Thus, procedural fairness concerns, which are what the applicant is voicing regarding the impugned interlocutory decision, do not meet the high threshold of exceptionality; important legal, jurisdictional or constitutional issues do not either.

[58] In any event, I am of the view that where the decision before this Court is not the final decision of the administrative tribunal on the merits, the approach taken by Justice Mactavish is that which the Court ought to take. The Court should only intervene in such a decision in exceptional circumstances and where there would be no opportunity for concerns with the decision to be addressed. This is the approach taken in this matter.

[59] The only issue the Attorney General has with the Leave Decision is that the Appeal Division erred in granting leave for a reason that was not within the grounds set out in section 58 of the DESDA. Whether there was an error in the General Division Decision falling within section 58 is an issue the Attorney General may raise on the appeal on the merits. That view of the Attorney General can hardly be said to rise to the height of an exceptional circumstance. It will, I suspect, be the position taken on every claimant’s appeal.

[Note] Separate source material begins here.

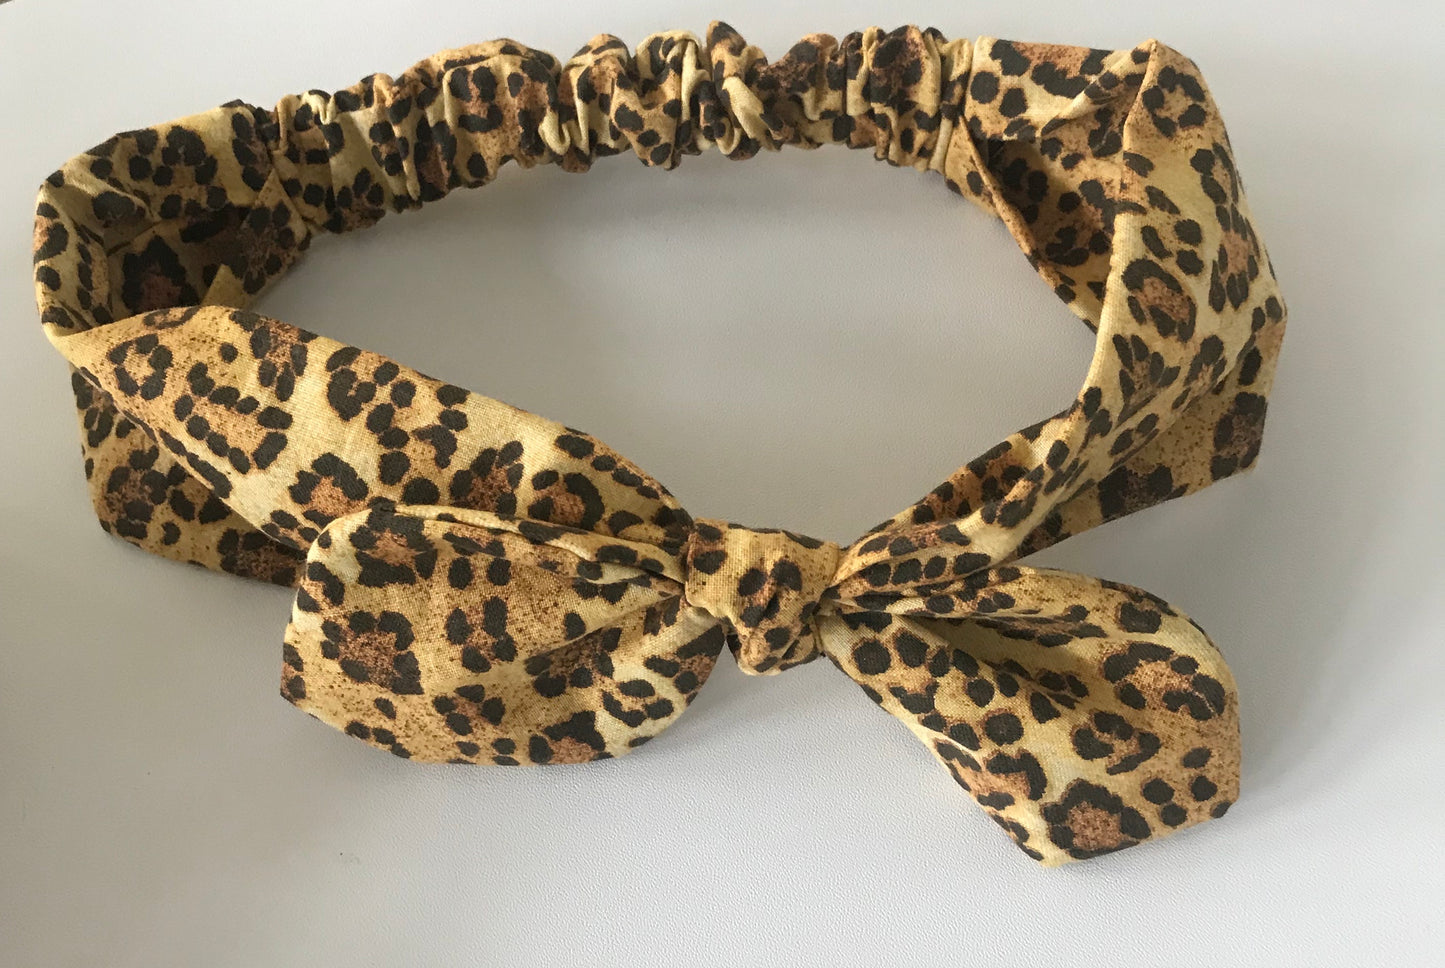 Cheetah Print Headband. Beautiful Retro Look.

[60] For these reasons, the application for judicial review is premature and will be dismissed.

Is the Leave Decision Reasonable?

[61] Even if the application were not premature, in my view, the Leave Decision was reasonable.

[62] As set out above, the parties disagree as to what arguable case that the Appeal Division found. The Applicant submits that the Appeal Division found that there was an arguable case that the evidence was improperly weighed, which is not a ground of appeal. The Respondent submits that the arguable case was that the General Division made an improper credibility finding and therefore did not have regard for the material before it.

[63] I agree with the Respondent that the Appeal Division did not find that the arguable case was that the evidence was improperly weighed. The Appeal Division’s finding was that there was an arguable case that the General Division had made a flawed credibility assessment.

[64] While being mindful that an appeal to the Appeal Division operates on different principles than a judicial review at this Court, I believe that the treatment of credibility assessments by this Court is informative. Paragraph 18.1(4)(d) of the Federal Courts Act provides that this Court may grant relief if a decision is based on “an erroneous finding of fact that it made in a perverse or capricious manner or without regard for the material before it”, the same standard for factual errors as that found in paragraph 58(1)(c) of the DESDA.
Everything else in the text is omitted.